#### [Task objective]
Could you retype every entry below exactly as written?

++++ Data records ++++

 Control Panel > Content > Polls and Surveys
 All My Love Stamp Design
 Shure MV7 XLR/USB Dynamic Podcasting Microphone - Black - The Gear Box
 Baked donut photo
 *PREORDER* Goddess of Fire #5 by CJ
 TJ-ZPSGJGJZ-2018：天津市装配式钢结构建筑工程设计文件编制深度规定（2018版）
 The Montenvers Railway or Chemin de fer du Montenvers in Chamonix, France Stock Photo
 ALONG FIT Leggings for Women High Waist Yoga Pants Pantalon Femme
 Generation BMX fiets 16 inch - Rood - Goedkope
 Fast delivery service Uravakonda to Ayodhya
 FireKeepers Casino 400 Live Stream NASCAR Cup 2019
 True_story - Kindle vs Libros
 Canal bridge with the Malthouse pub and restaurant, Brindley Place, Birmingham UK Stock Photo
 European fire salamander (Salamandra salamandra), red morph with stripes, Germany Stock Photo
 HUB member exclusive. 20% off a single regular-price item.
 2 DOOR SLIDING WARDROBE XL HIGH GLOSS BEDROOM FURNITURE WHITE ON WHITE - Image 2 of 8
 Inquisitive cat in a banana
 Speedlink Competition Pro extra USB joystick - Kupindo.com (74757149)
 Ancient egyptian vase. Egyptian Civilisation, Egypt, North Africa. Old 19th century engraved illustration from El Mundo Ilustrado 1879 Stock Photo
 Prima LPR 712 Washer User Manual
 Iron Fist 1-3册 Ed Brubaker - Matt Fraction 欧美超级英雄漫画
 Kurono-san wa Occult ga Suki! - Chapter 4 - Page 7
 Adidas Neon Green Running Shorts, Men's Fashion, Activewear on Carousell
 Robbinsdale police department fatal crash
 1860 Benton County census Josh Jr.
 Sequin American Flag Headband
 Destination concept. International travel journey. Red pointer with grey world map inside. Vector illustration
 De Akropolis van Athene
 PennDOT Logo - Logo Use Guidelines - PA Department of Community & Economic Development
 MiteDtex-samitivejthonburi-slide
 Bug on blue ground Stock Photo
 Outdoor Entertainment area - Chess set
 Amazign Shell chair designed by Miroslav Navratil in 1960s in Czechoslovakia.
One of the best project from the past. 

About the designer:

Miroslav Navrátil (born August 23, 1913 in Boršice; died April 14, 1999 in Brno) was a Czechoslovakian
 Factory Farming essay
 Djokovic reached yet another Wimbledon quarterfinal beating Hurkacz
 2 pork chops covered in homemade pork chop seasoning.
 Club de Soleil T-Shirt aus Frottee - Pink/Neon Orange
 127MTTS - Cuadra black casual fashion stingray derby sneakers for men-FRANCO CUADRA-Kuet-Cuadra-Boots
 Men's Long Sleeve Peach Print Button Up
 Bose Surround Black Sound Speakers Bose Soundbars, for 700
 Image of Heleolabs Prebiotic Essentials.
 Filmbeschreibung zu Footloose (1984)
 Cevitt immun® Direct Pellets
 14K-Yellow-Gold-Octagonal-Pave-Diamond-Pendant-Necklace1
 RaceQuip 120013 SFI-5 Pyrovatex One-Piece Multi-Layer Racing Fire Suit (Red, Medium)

++++

#### [Finished task]
 Control Panel > Content > Polls and Surveys
 All My Love Stamp Design
 Shure MV7 XLR/USB Dynamic Podcasting Microphone - Black - The Gear Box
 Baked donut photo
 *PREORDER* Goddess of Fire #5 by CJ
 TJ-ZPSGJGJZ-2018：天津市装配式钢结构建筑工程设计文件编制深度规定（2018版）
 The Montenvers Railway or Chemin de fer du Montenvers in Chamonix, France Stock Photo
 ALONG FIT Leggings for Women High Waist Yoga Pants Pantalon Femme
 Generation BMX fiets 16 inch - Rood - Goedkope
 Fast delivery service Uravakonda to Ayodhya
 FireKeepers Casino 400 Live Stream NASCAR Cup 2019
 True_story - Kindle vs Libros
 Canal bridge with the Malthouse pub and restaurant, Brindley Place, Birmingham UK Stock Photo
 European fire salamander (Salamandra salamandra), red morph with stripes, Germany Stock Photo
 HUB member exclusive. 20% off a single regular-price item.
 2 DOOR SLIDING WARDROBE XL HIGH GLOSS BEDROOM FURNITURE WHITE ON WHITE - Image 2 of 8
 Inquisitive cat in a banana
 Speedlink Competition Pro extra USB joystick - Kupindo.com (74757149)
 Ancient egyptian vase. Egyptian Civilisation, Egypt, North Africa. Old 19th century engraved illustration from El Mundo Ilustrado 1879 Stock Photo
 Prima LPR 712 Washer User Manual
 Iron Fist 1-3册 Ed Brubaker - Matt Fraction 欧美超级英雄漫画
 Kurono-san wa Occult ga Suki! - Chapter 4 - Page 7
 Adidas Neon Green Running Shorts, Men's Fashion, Activewear on Carousell
 Robbinsdale police department fatal crash
 1860 Benton County census Josh Jr.
 Sequin American Flag Headband
 Destination concept. International travel journey. Red pointer with grey world map inside. Vector illustration
 De Akropolis van Athene
 PennDOT Logo - Logo Use Guidelines - PA Department of Community & Economic Development
 MiteDtex-samitivejthonburi-slide
 Bug on blue ground Stock Photo
 Outdoor Entertainment area - Chess set
 Amazign Shell chair designed by Miroslav Navratil in 1960s in Czechoslovakia.
One of the best project from the past. 

About the designer:

Miroslav Navrátil (born August 23, 1913 in Boršice; died April 14, 1999 in Brno) was a Czechoslovakian
 Factory Farming essay
 Djokovic reached yet another Wimbledon quarterfinal beating Hurkacz
 2 pork chops covered in homemade pork chop seasoning.
 Club de Soleil T-Shirt aus Frottee - Pink/Neon Orange
 127MTTS - Cuadra black casual fashion stingray derby sneakers for men-FRANCO CUADRA-Kuet-Cuadra-Boots
 Men's Long Sleeve Peach Print Button Up
 Bose Surround Black Sound Speakers Bose Soundbars, for 700
 Image of Heleolabs Prebiotic Essentials.
 Filmbeschreibung zu Footloose (1984)
 Cevitt immun® Direct Pellets
 14K-Yellow-Gold-Octagonal-Pave-Diamond-Pendant-Necklace1
 RaceQuip 120013 SFI-5 Pyrovatex One-Piece Multi-Layer Racing Fire Suit (Red, Medium)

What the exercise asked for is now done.